Let's tour a few areas:

The Homepage

The homepage is the best part of the site, mostly because it's automatically updated with a blog. The latest item is from just yesterday and covers the Ruby 1.9.3 preview 1 release (though Ruby Inside covered it before the official site and in more detail!).

The simple, snappy definition of Ruby is good, and the randomly changing source code example is OK for such a tiny chunk of code. So far, so good. There's not much to pick on here, but things fall down in the sidebar a little:

The "Some Top Ruby Projects" section is a randomly changing list of mostly dead or hardly ever updated projects and, worse, it links to Rubyforge for every one, despite Rubyforge rarely hosting the latest version of any of them anymore.

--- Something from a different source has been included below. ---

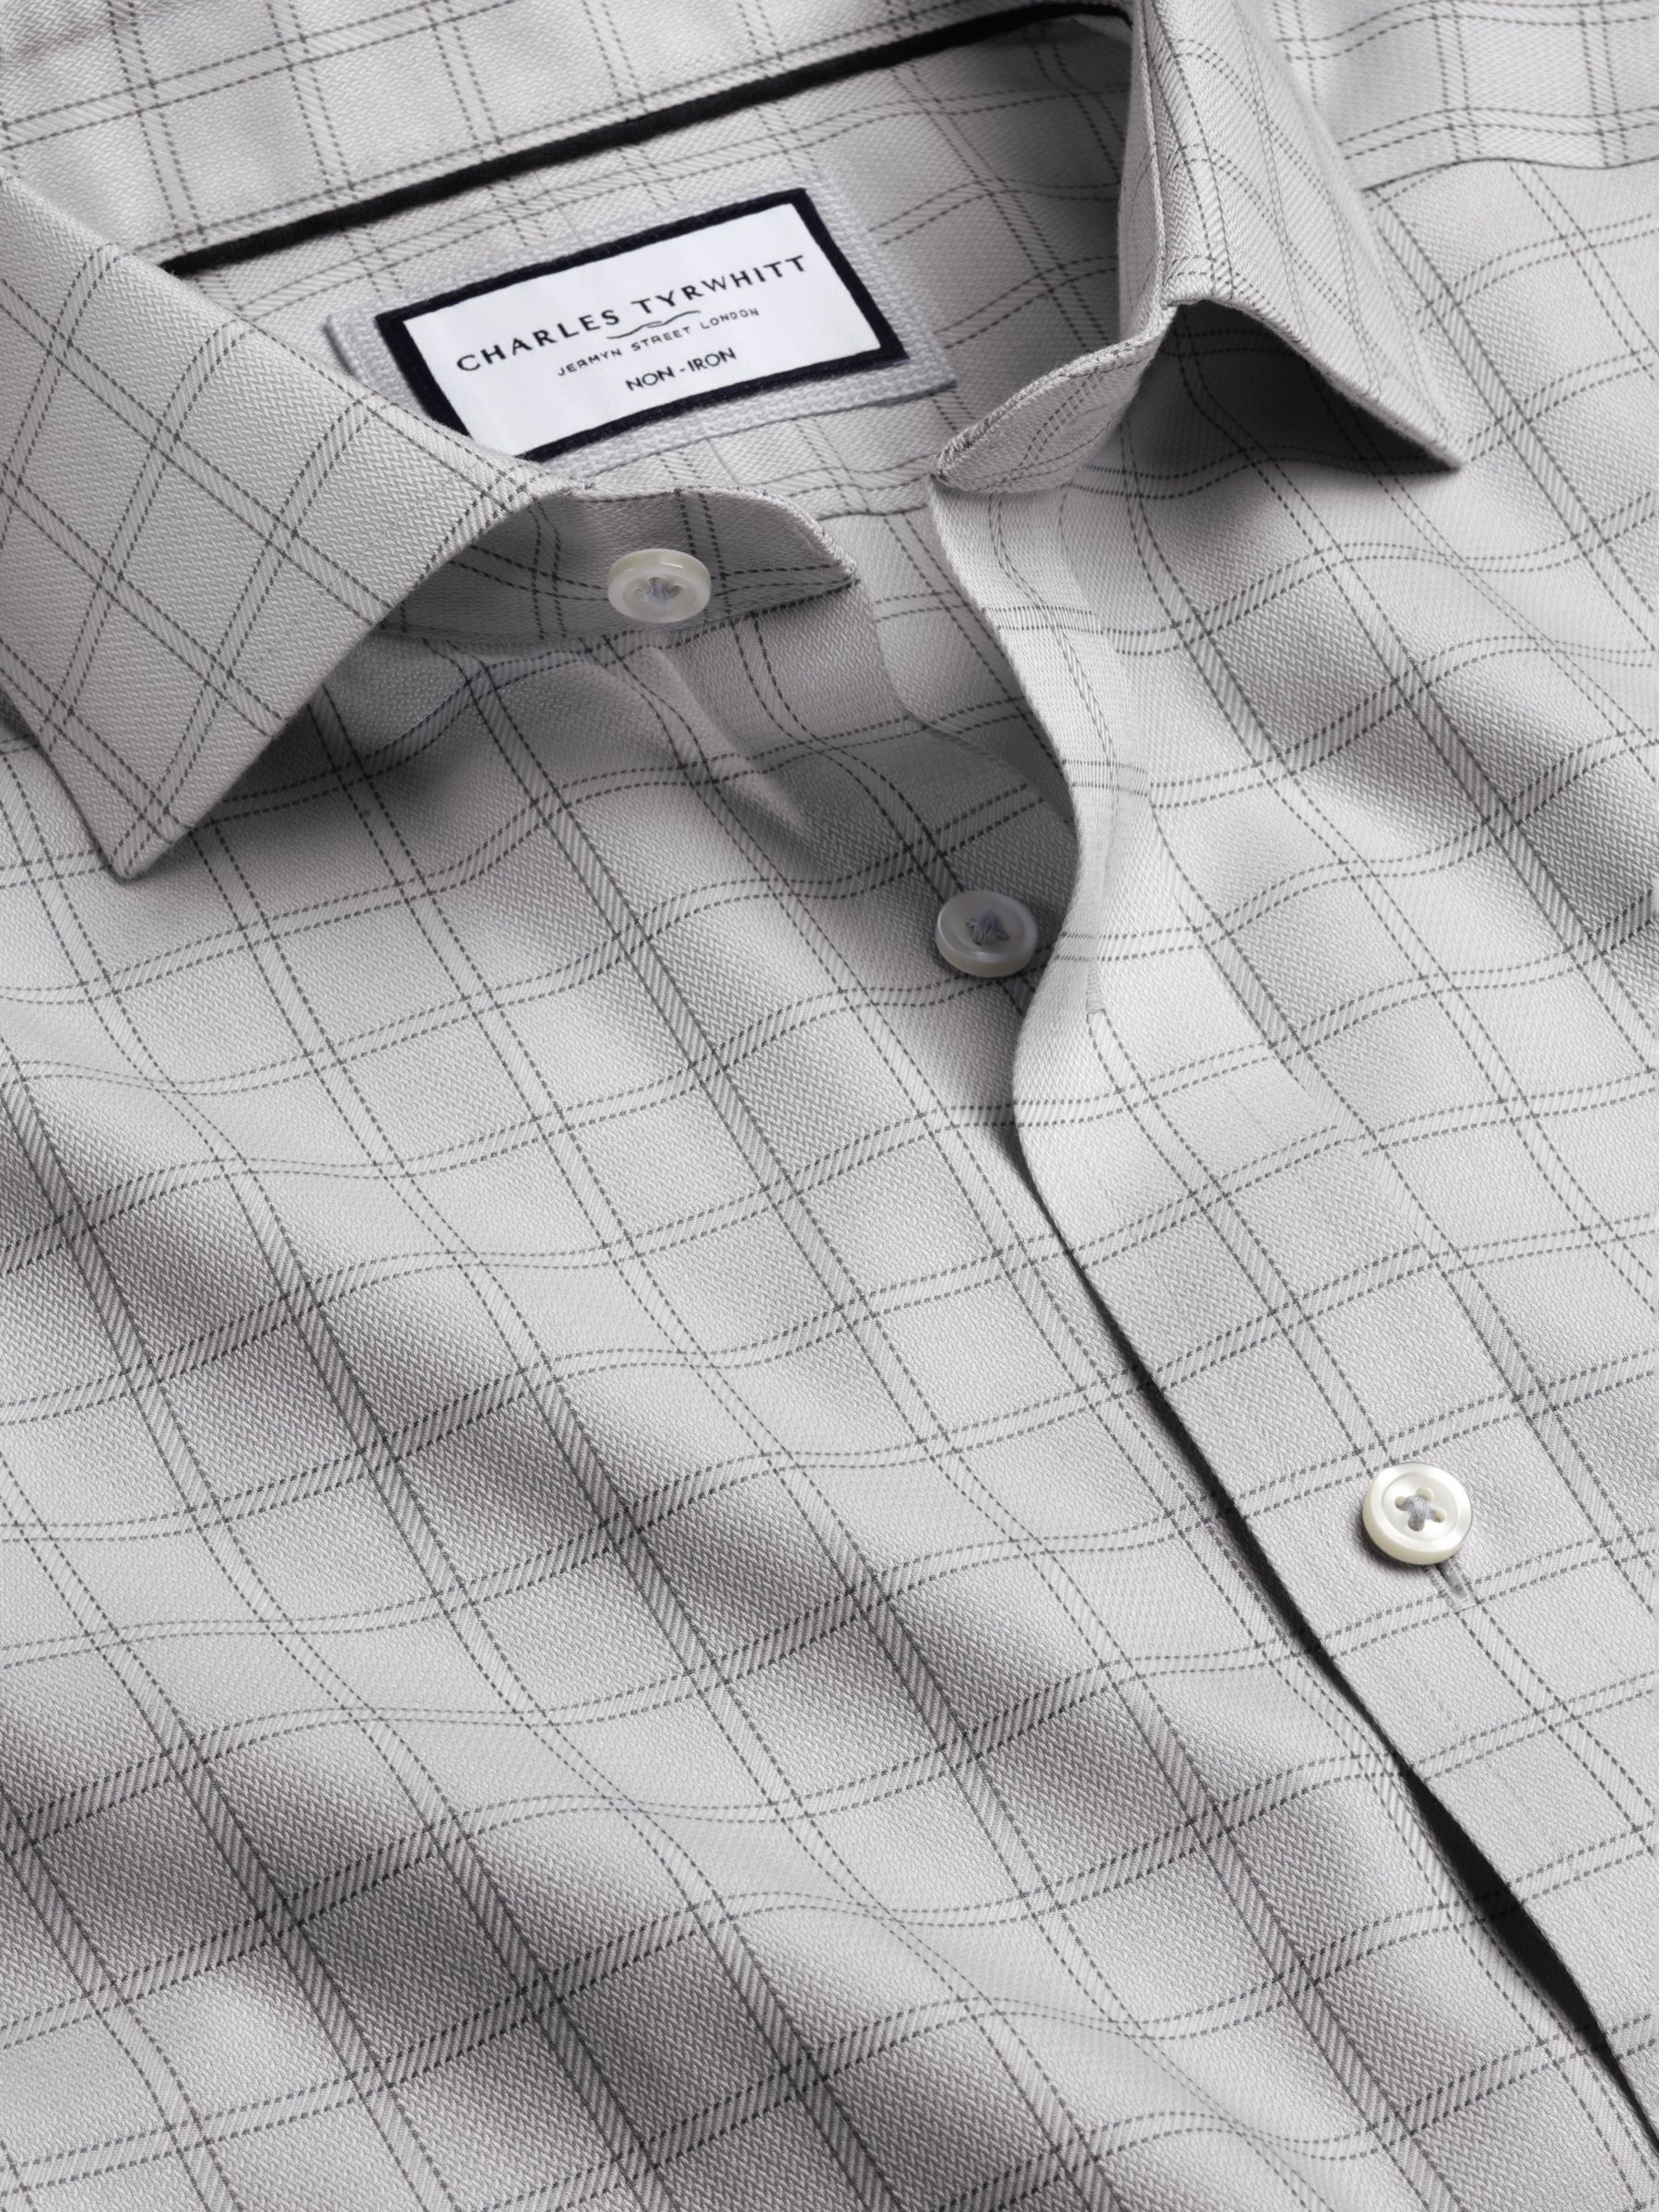 Buy Charles Tyrwhitt Non-Iron Mayfair Weave Checked Shirt Online at johnlewis.com

The "more" link heads to Top Ruby Projects, a list of top Ruby projects in the prior decade, it seems. Entry #5, rubot, hasn't even had an update since April 7, 2008. I dread to imagine what newcomers think.

The Libraries Page

The libraries page is a long time favorite of mine. Earlier this year, I ranted on Twitter about the Libraries page specifically recommending you install a 4 year old version of RubyGems (version 0.9 - we're up to 1.8 now!) James Edward Gray II picked up on my comment and had it updated to 1.7.2.

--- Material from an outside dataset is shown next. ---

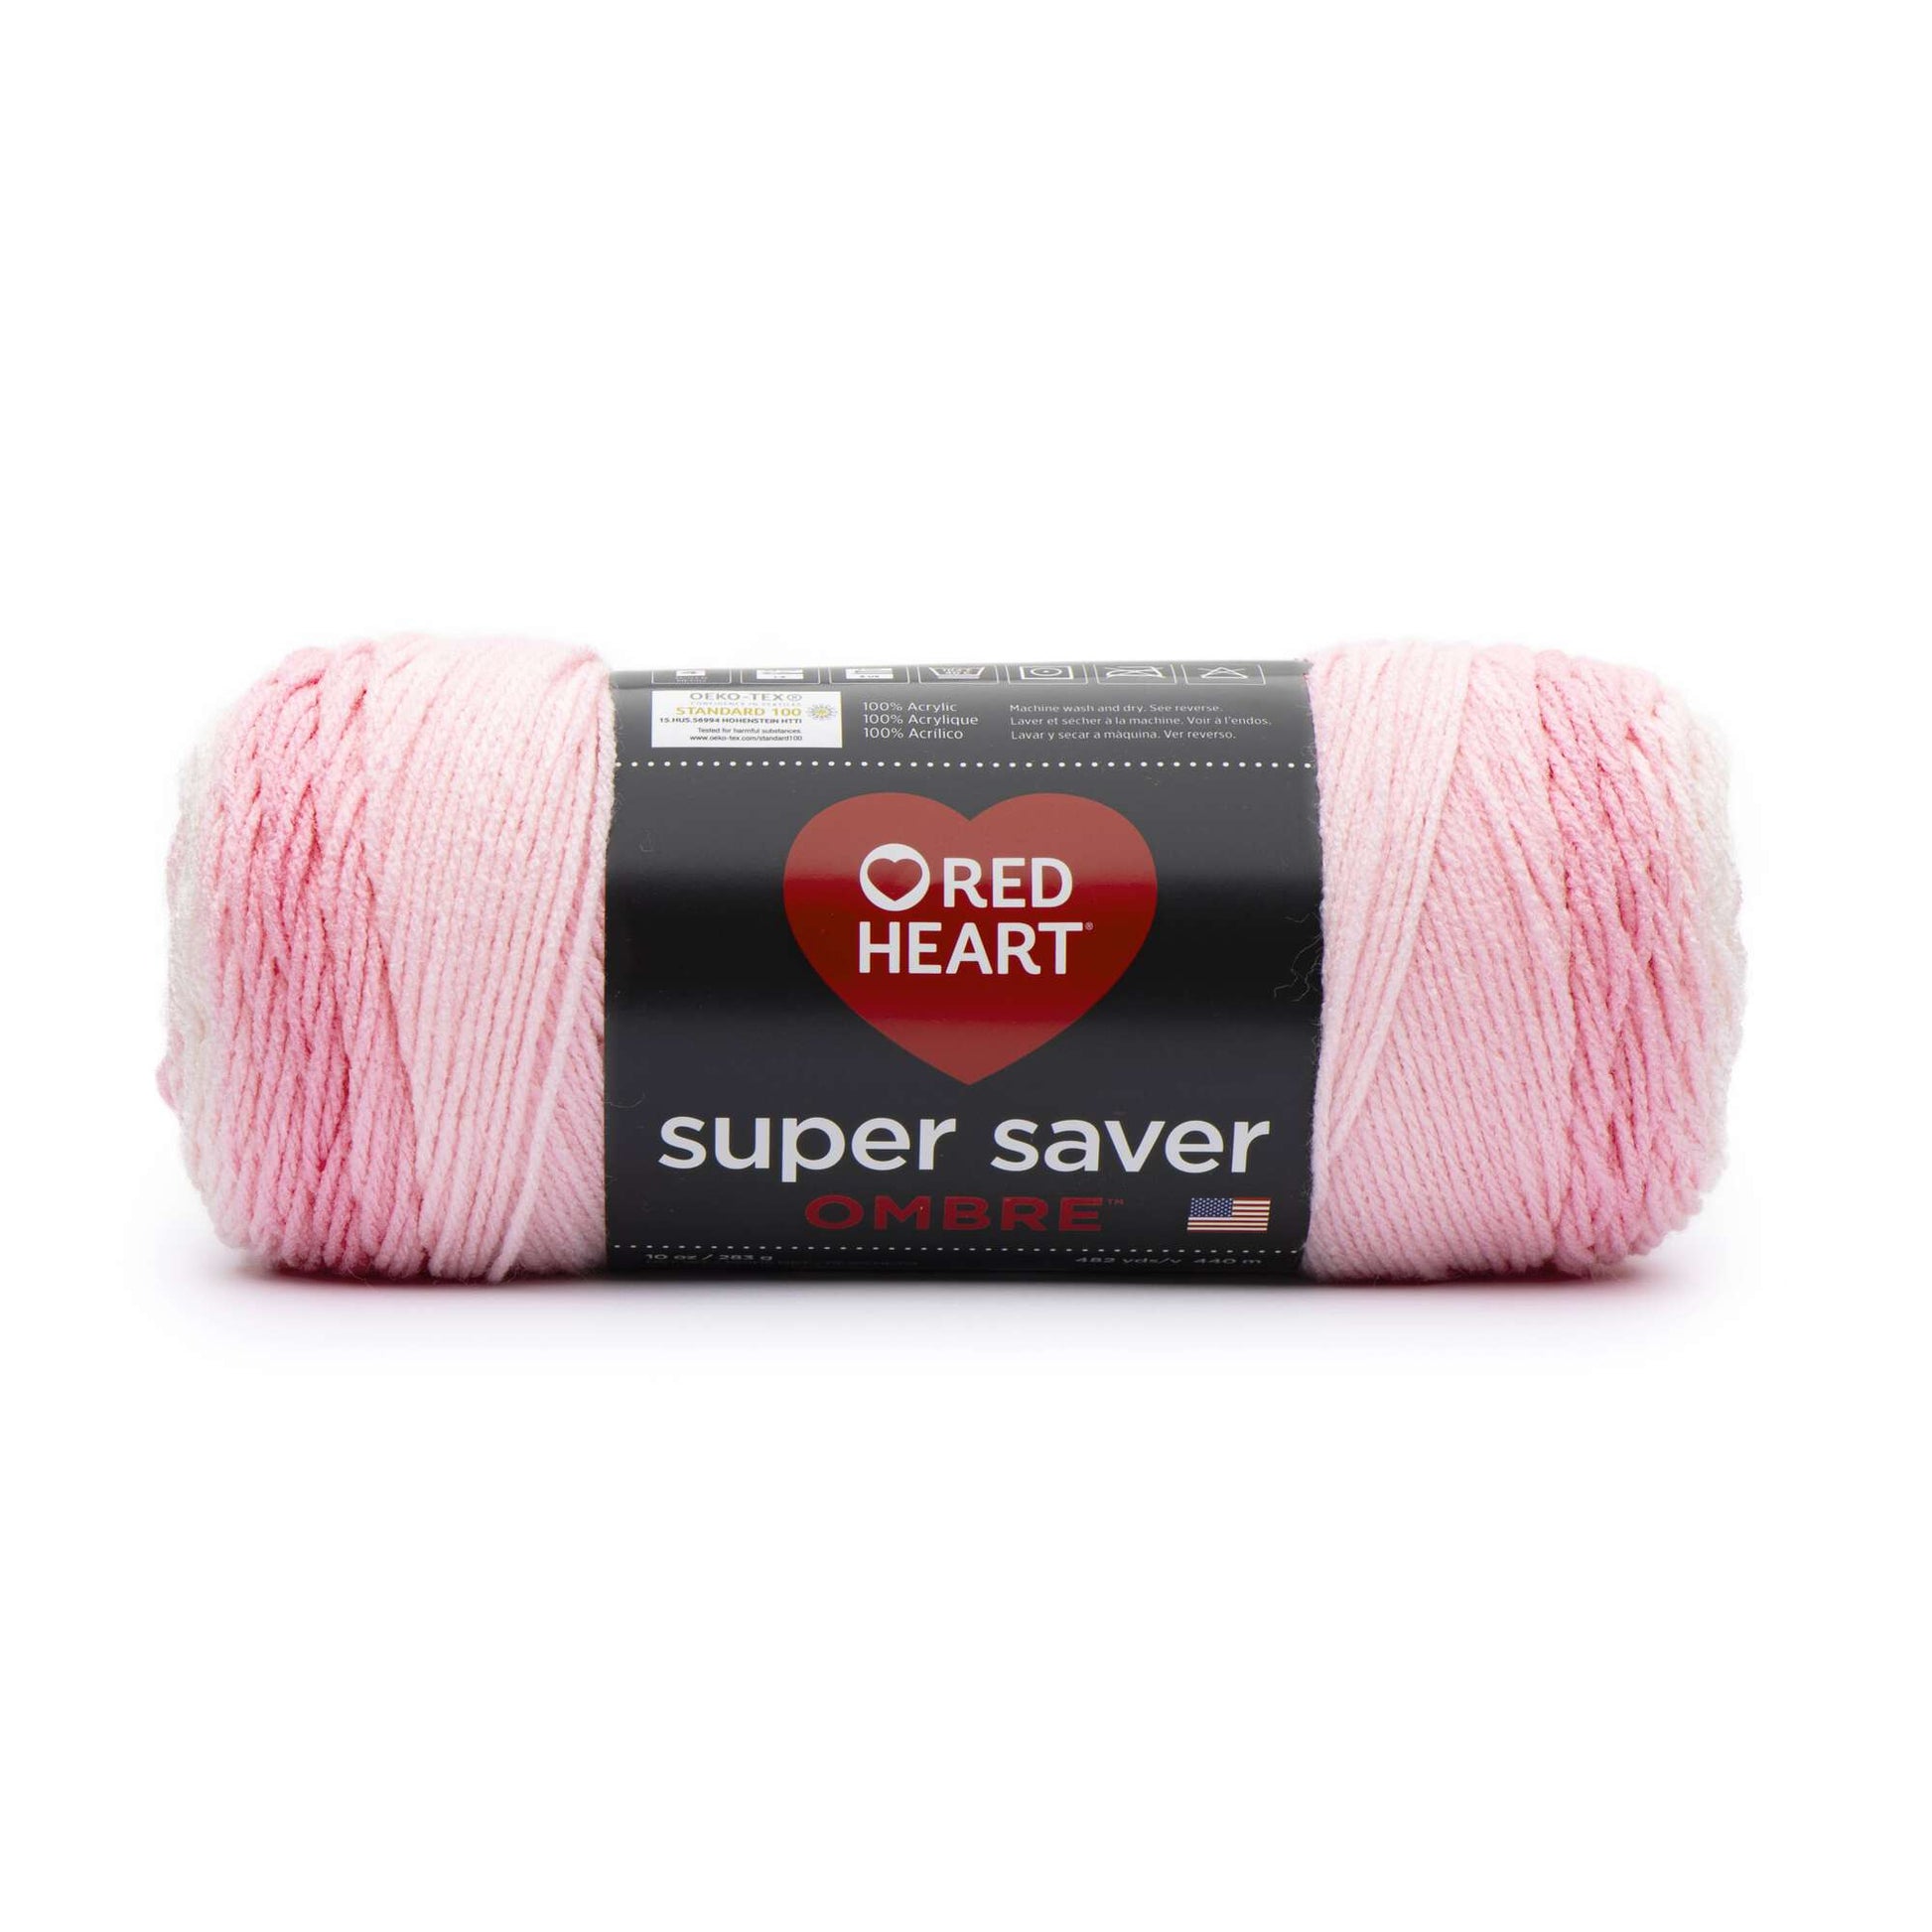 Red Heart Super Saver Ombre 4 Medium Acrylic Yarn, Anemone 10oz/283g, 482 Yards (4 Pack), Size: Medium (4)

Still, though, it's like reading a cookbook from the ruins of Pompeii. Its two top suggestions for finding libraries are RubyForge and the Ruby Application Archive. It even says RubyForge is a popular home for Ruby libraries. If this were true, Ruby is hosed because there were only 14 updates to libraries hosted on RubyForge in the whole of July. The Ruby Application Archive, on the other hand, boasts a whole 5 updates in July. These are the only 2 ways suggested to find libraries.

The libraries page also gives some handy tips on how to install a gem... using a gem that doesn't even exist anymore! Then out of nowhere it randomly refers to "Gemcutter" as the official repository, a moniker that hasn't been used for ages now.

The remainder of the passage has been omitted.